§ **WORK TO COMPLETE**: A faithful copy of the listing below is needed, with its pictures left out.

§ **PROVIDED MATERIAL**:
+---+
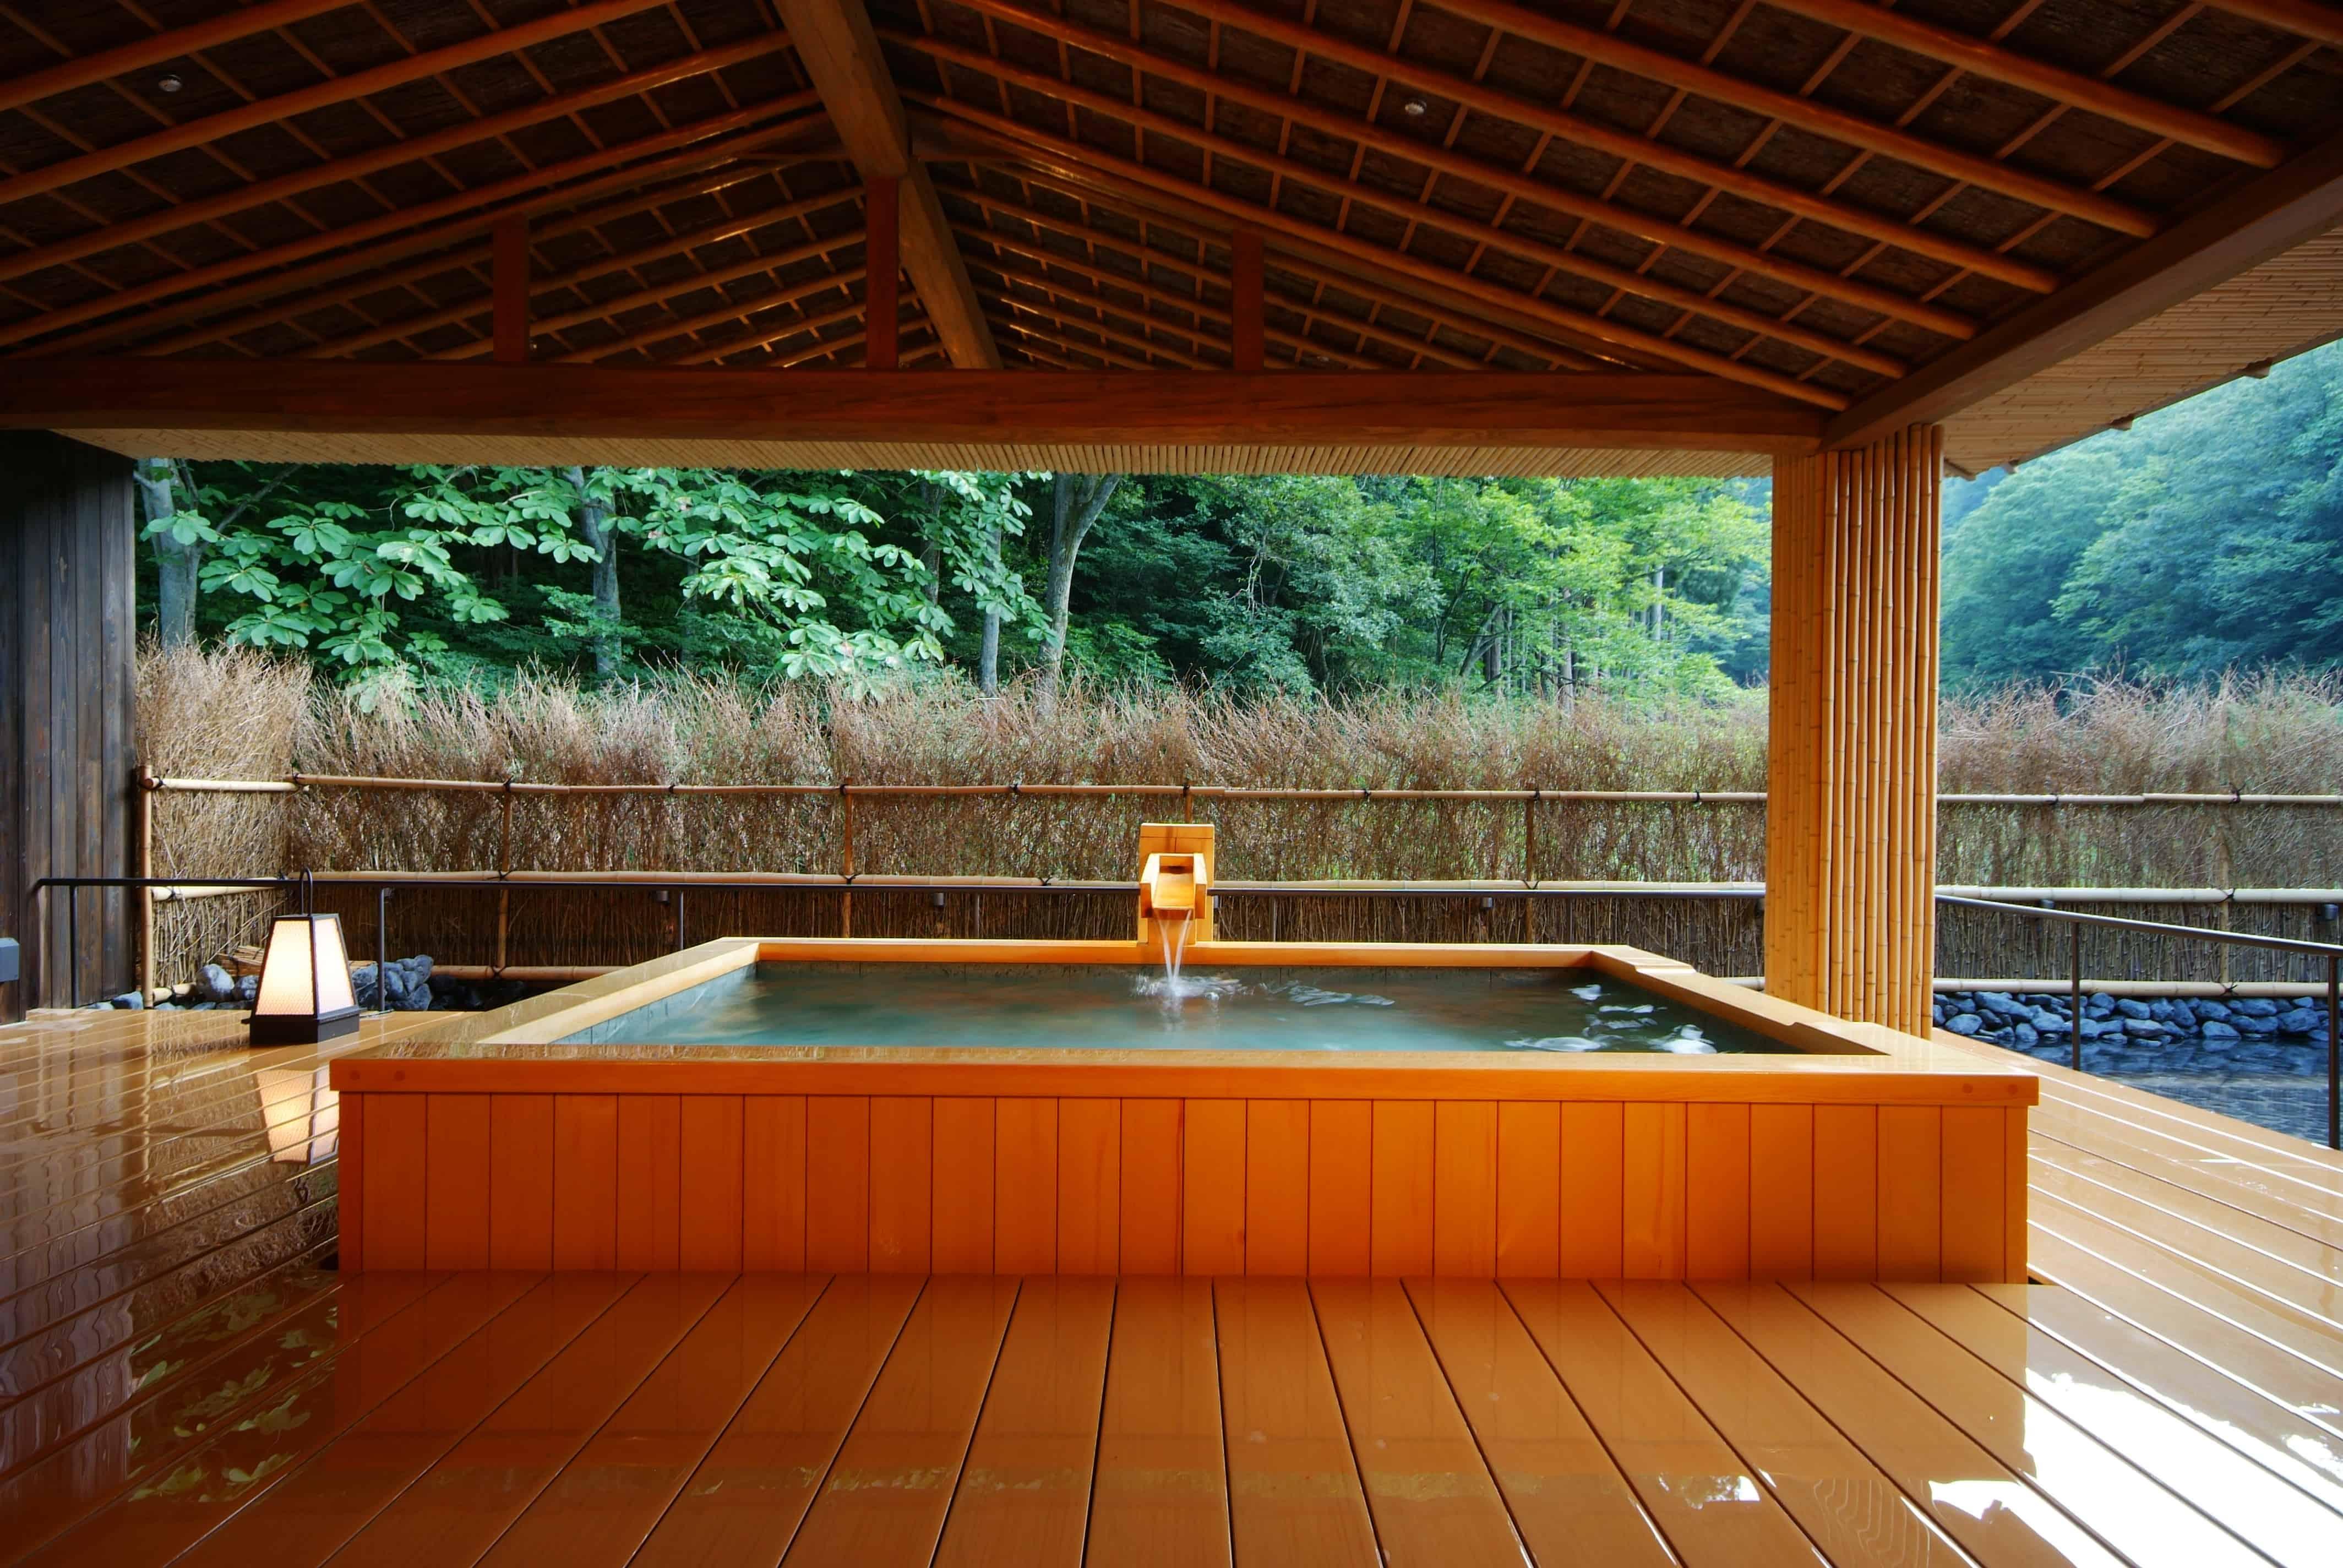 ออนเซ็นแบบส่วนตัว ที่ คิโนะซากิออนเซ็น : Nishimuraya Hotel Shogetsutei
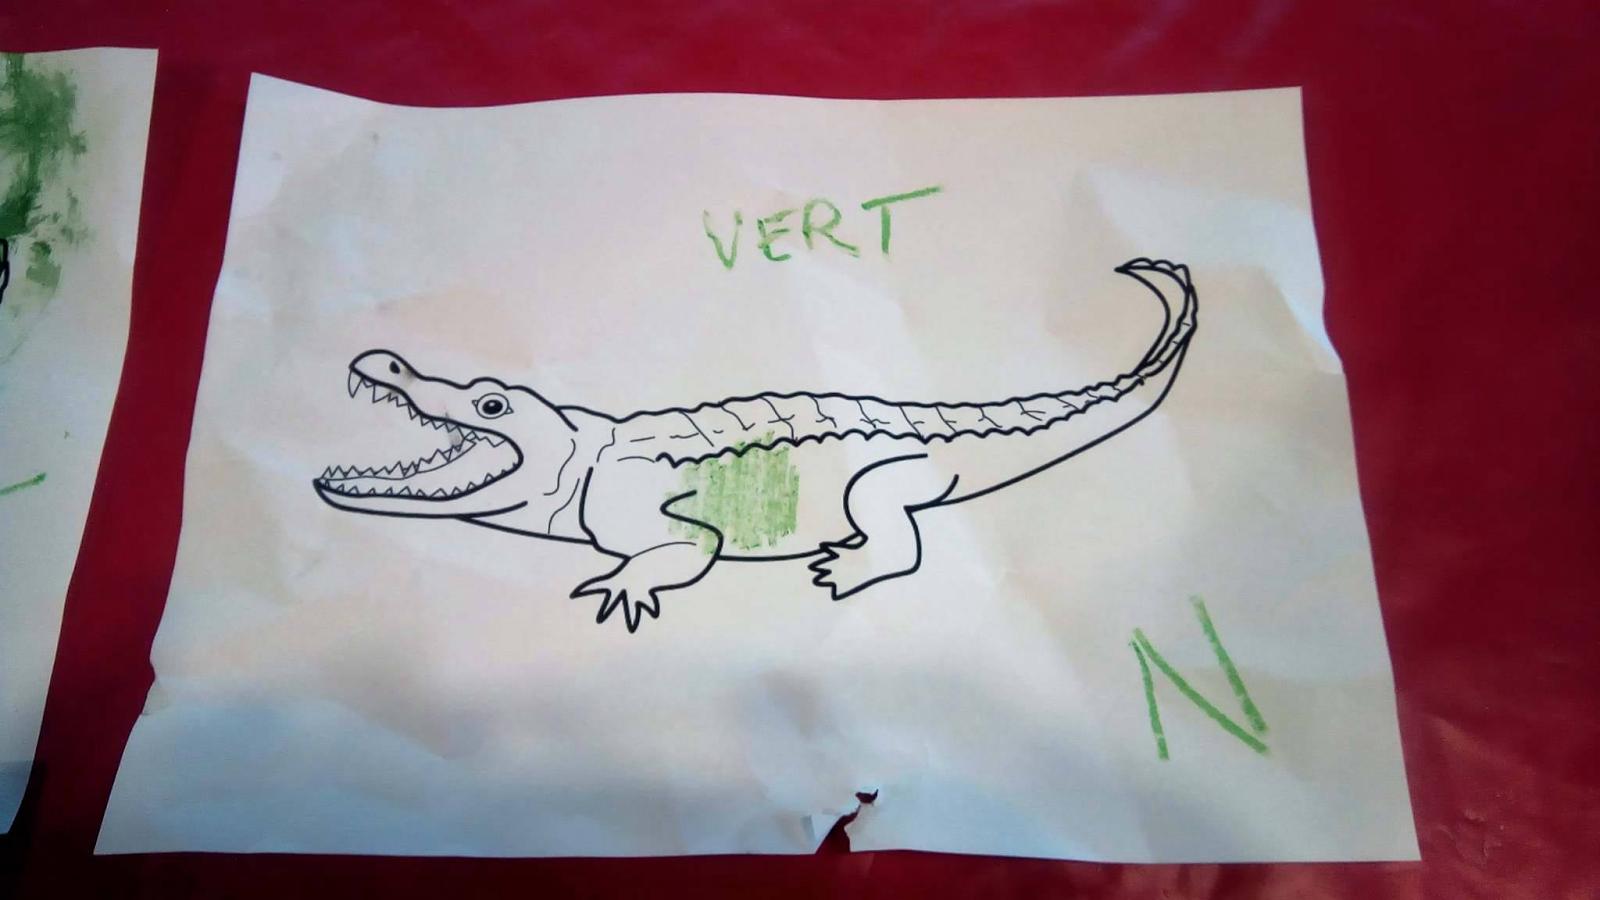 nounou pascale  quelle est la couleur du crocodile
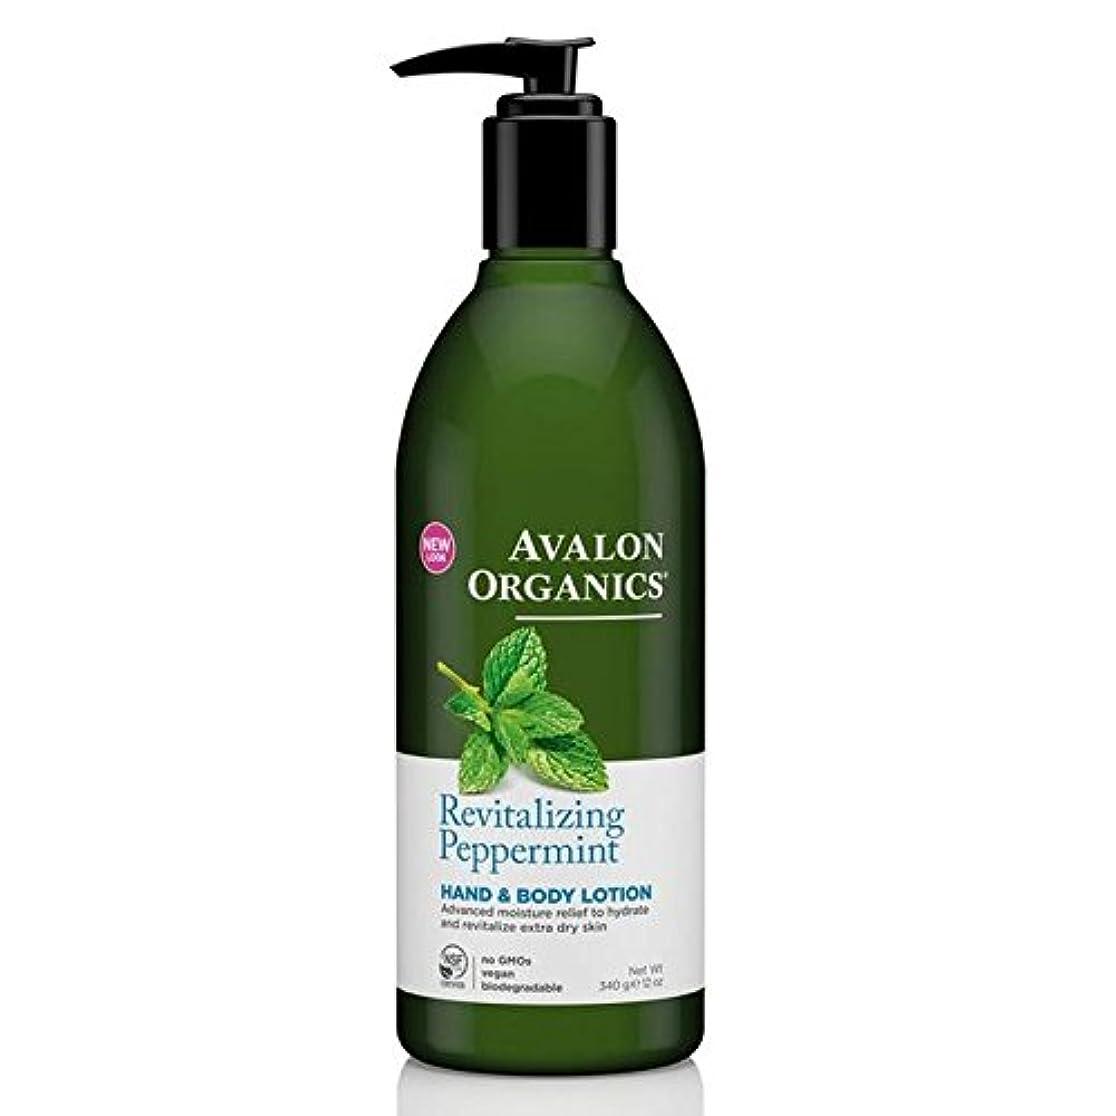 日付追記想像するAvalon Peppermint Hand & Body Lotion 340g - (Avalon) ペパーミントハンド&ボディローション340グラム [並行輸入品]
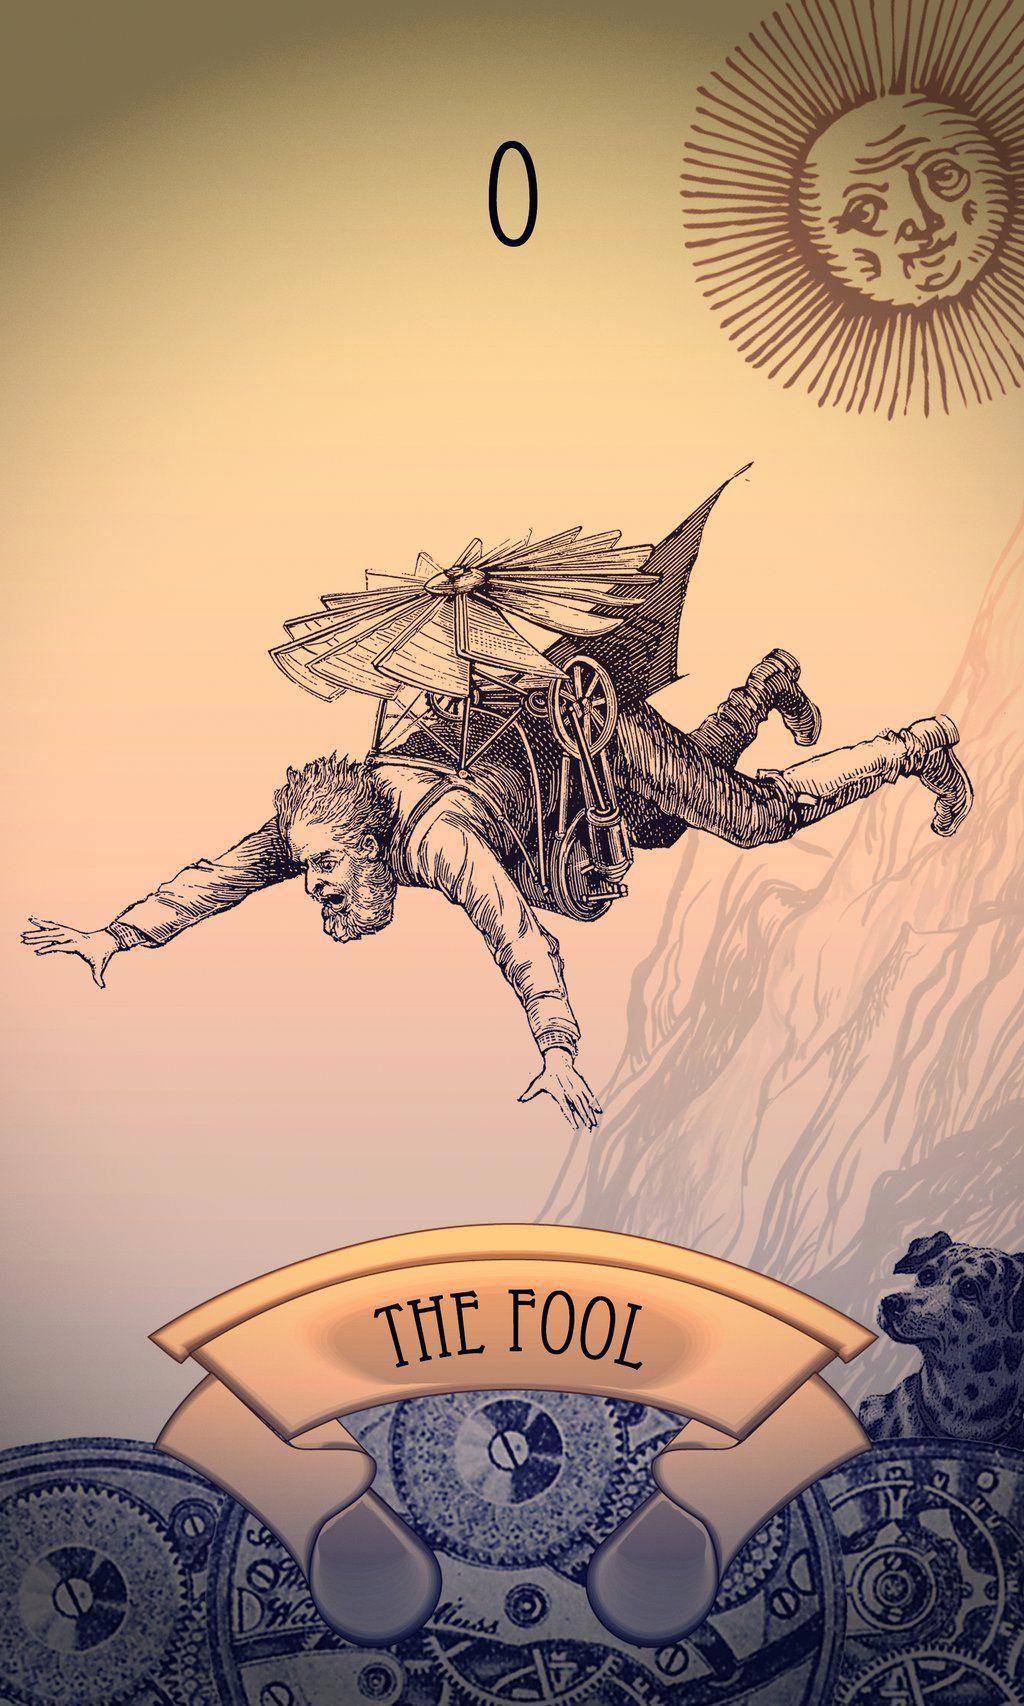 Steampunk tarot card the fool by tiabryn71
+---+
§ **EXERCISE OUTPUT**:
 ออนเซ็นแบบส่วนตัว ที่ คิโนะซากิออนเซ็น : Nishimuraya Hotel Shogetsutei
 nounou pascale  quelle est la couleur du crocodile
 日付追記想像するAvalon Peppermint Hand & Body Lotion 340g - (Avalon) ペパーミントハンド&ボディローション340グラム [並行輸入品]
 Steampunk tarot card the fool by tiabryn71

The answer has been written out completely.